I think the rest of your questions veer more into spirituality, philosophy, and ethics than math, so I'm not sure I'm the right person to ask. I have all the spirituality of a wet fart. But I can tell you that the Collatz conjecture is not relevant when discussing the future of civilization. :)
That doesn't seem like a way to generate prime numbers directly, but to sort of chip at the problem by creating a scaffolding around it and then getting close and closer. It doesn't feel elegant like some math does. And yeah, I think that pure maths is largely useless (because its scope is wider, i.e. less restricted than our reality). We can find interesting properties in math which hints at properties in reality, though. At high levels of abstraction, these things overlap. "The dao of which can be spoken is not the real dao" is a logical conclusion, since you can judge the limits of a system from within said system. Gödel did the same with math. You can use a similar line of thinking to derive that everything is relative (there's nothing outside of everything, so there can be no external point of reference).
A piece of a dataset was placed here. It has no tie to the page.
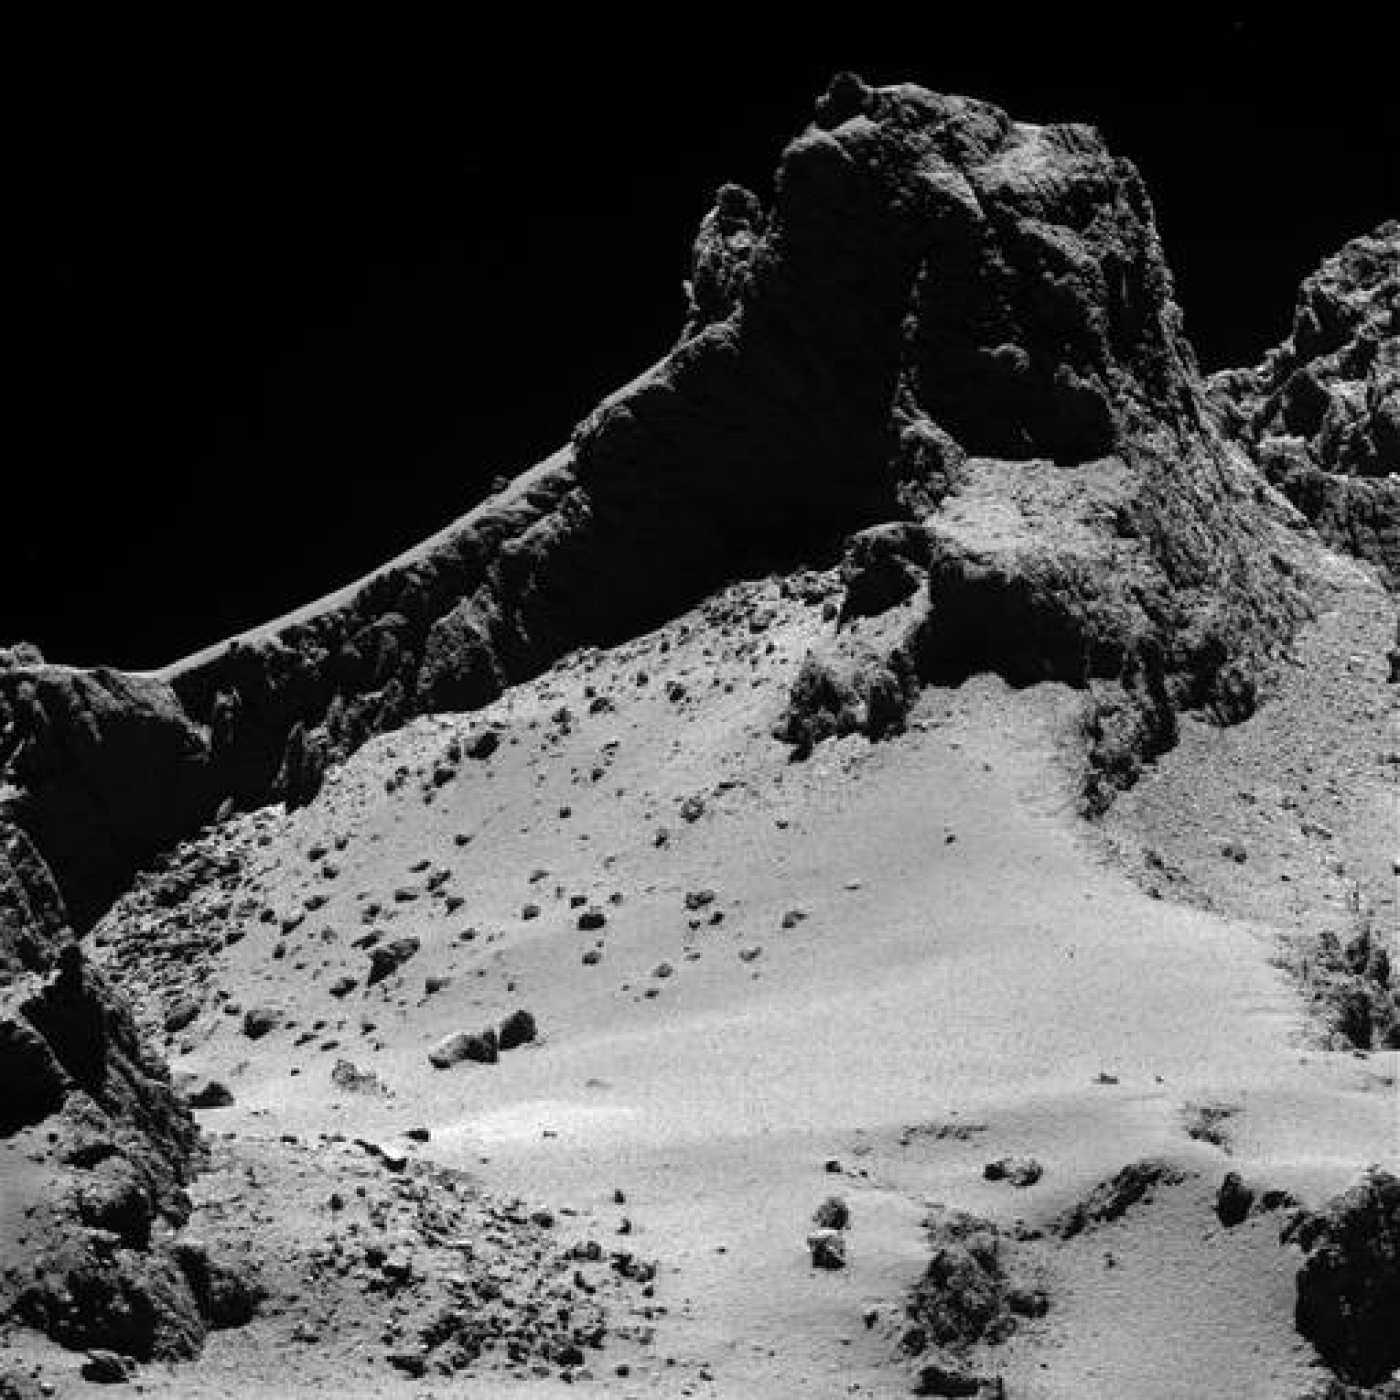 Imagen del cometa 67P/Churyumov-Gerasimenko obtenida a 8 kilómetros de distancia.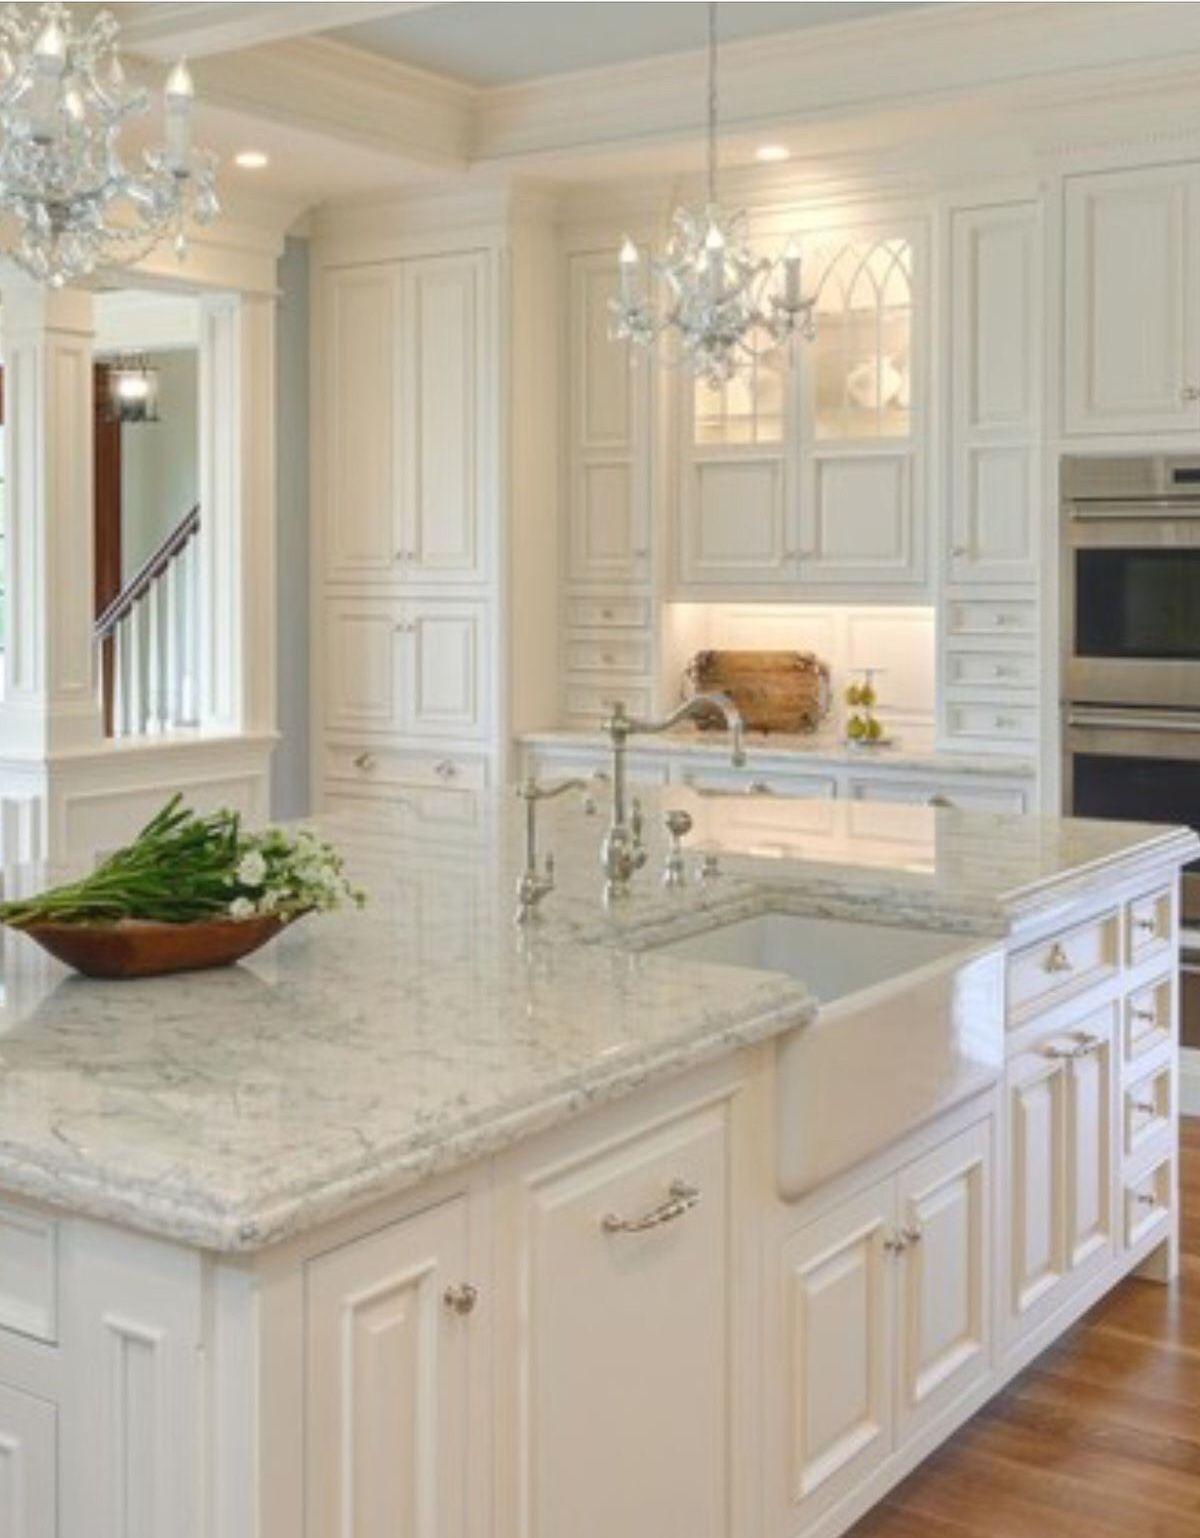 Two window kitchen design  pin by linda chagnon on maison  pinterest  kitchens beautiful

Maybe this is "abstract reasoning" rather than math? I'm not sure what it is, but this ability is useful in general. I don't suffer from the philosophical problem of "meaning in life" because I recognized that the question was formulated wrong (which is why there's no answer!). I also figured out enlightenment, which you usually cannot reach by thinking because it requires not thinking. But you can sort of use thinking to show that thinking is the cause of the issue, and then "break free" like that.
Edit: Nietzsche came up with his "Eternal recurrence" through logic, showing that if time goes back infinitely, the world would already have been looping forever. Same with his "Perspectivism", that there's no facts, only perspectives. He wasn't a mathematician, he was just highly intelligent.
But I'm sort of weird, most subjects I think about don't fit any common categories
If your primary issue is that the algorithm is probabilistic, then good news: there’s also a polynomial-time deterministic algorithm for testing primality. (Just don’t pay attention to the constant factors.)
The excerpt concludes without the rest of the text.